> **Data segment**
============================================================

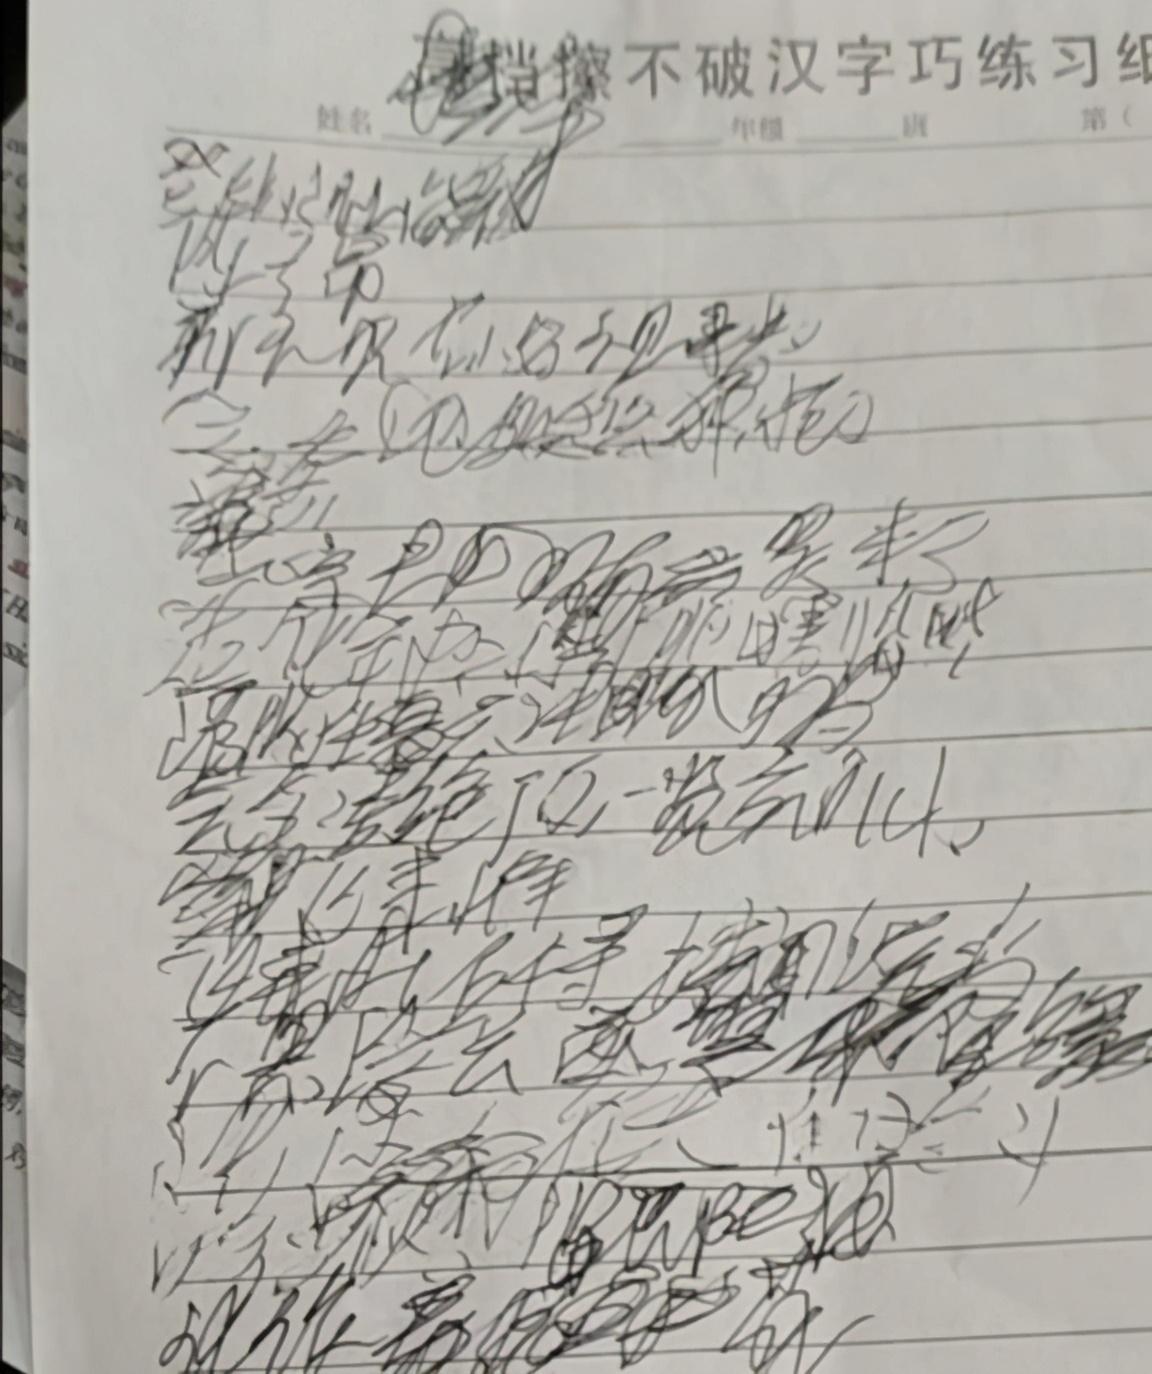 """小学生""""钢丝球字体""""火了,宛如一团毛线球,老师批改作业犯难"""
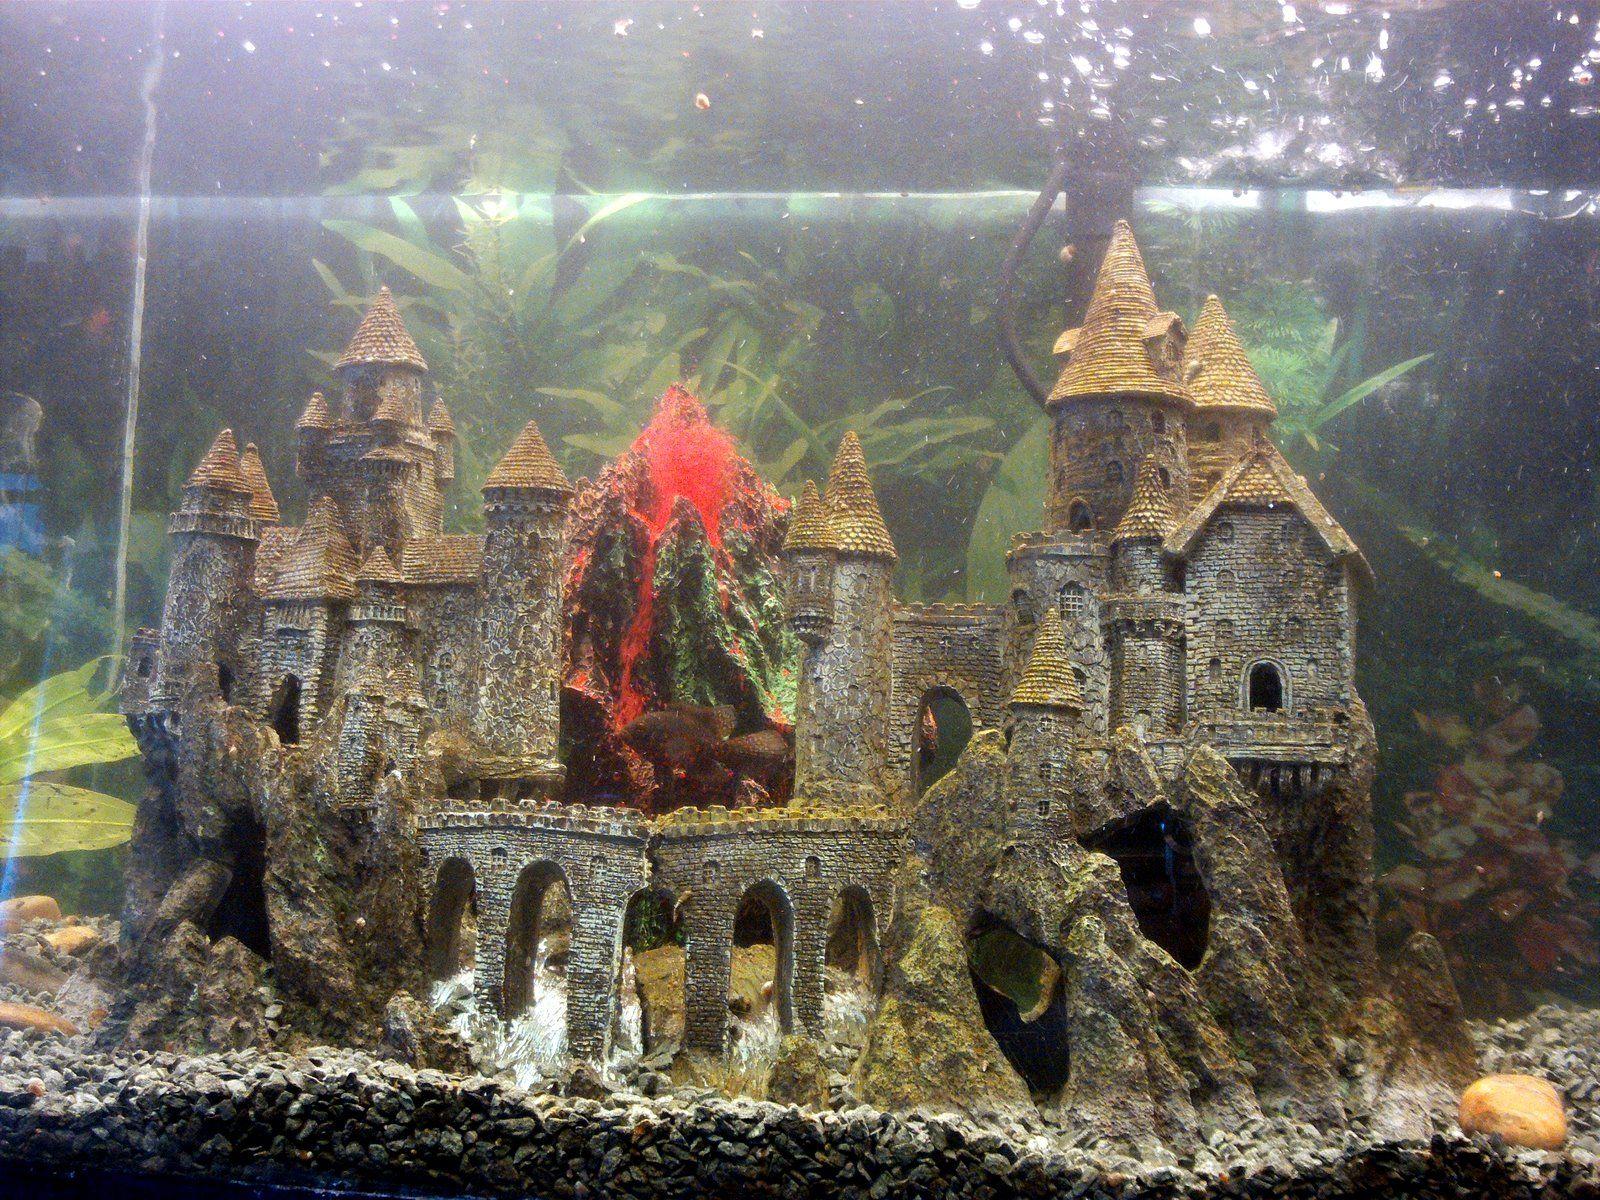 Mario Brothers Aquarium Decorations Fish Tank Setup Fish Tank Setups Pinterest Fish Tanks Fish
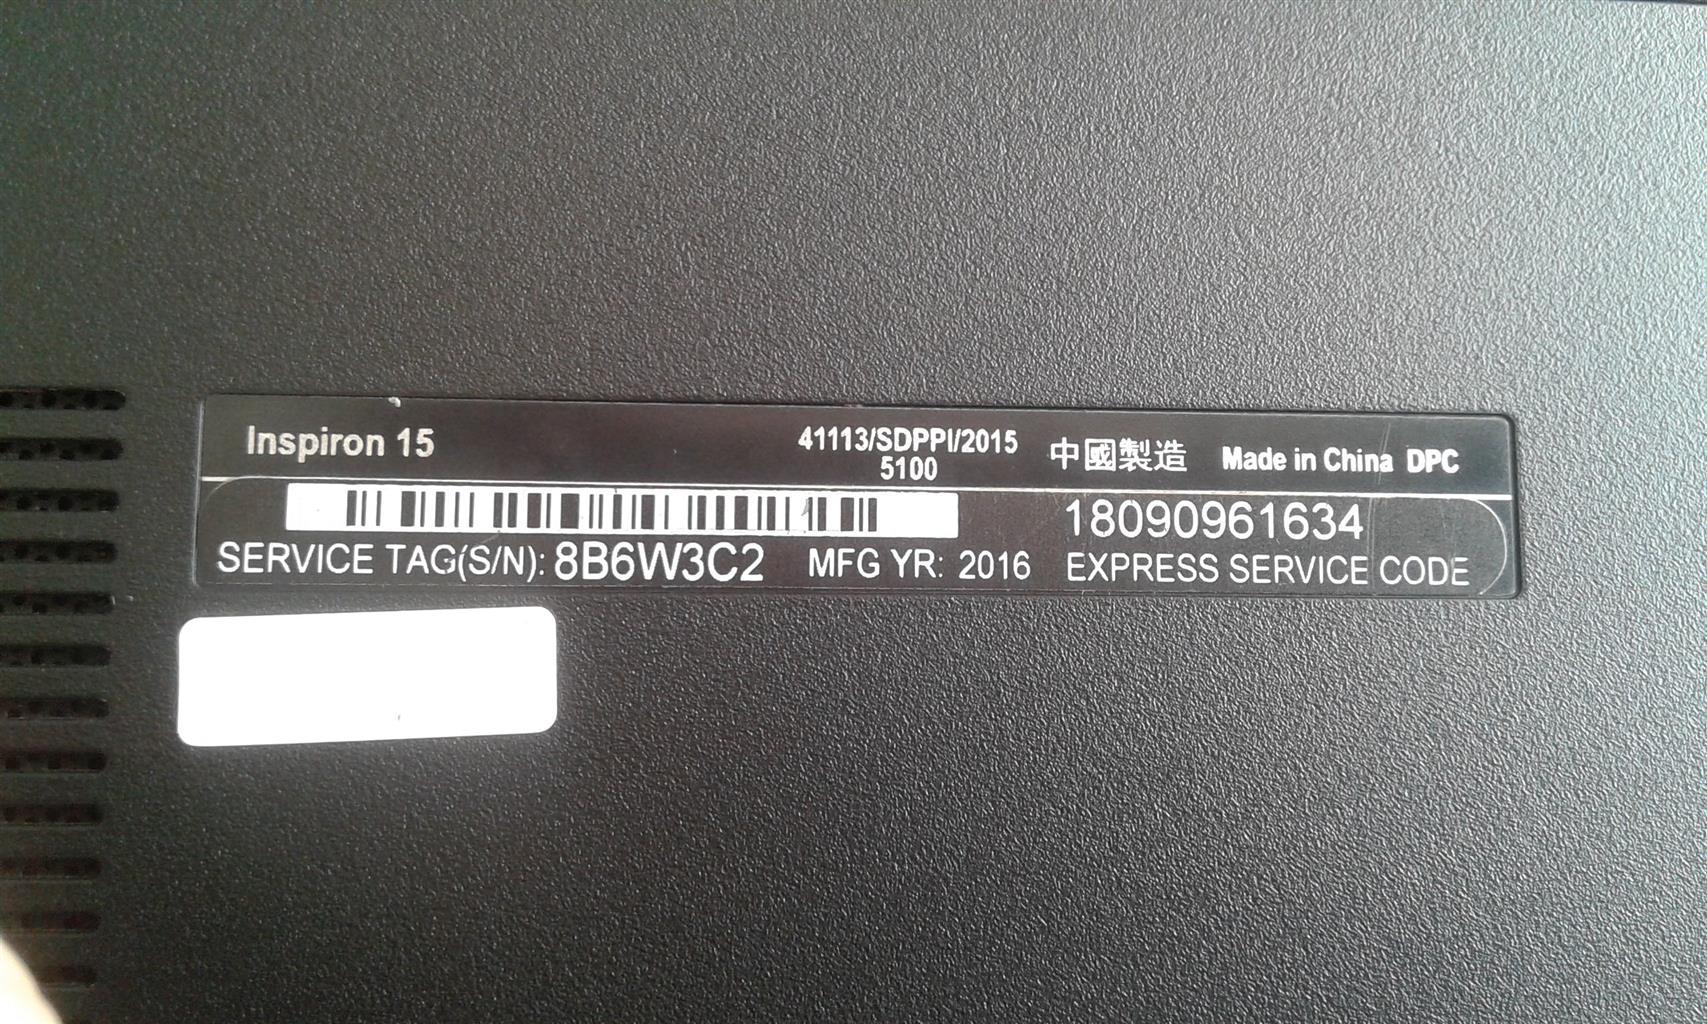 Dell Inspiron 15 5100 2016

============================================================

> **Goal of the exercise**
The job is to return the listing above exactly, minus its pictures.

> **Exercise solution**
 """小学生""""钢丝球字体""""火了,宛如一团毛线球,老师批改作业犯难"""
 Mario Brothers Aquarium Decorations Fish Tank Setup Fish Tank Setups Pinterest Fish Tanks Fish
 Dell Inspiron 15 5100 2016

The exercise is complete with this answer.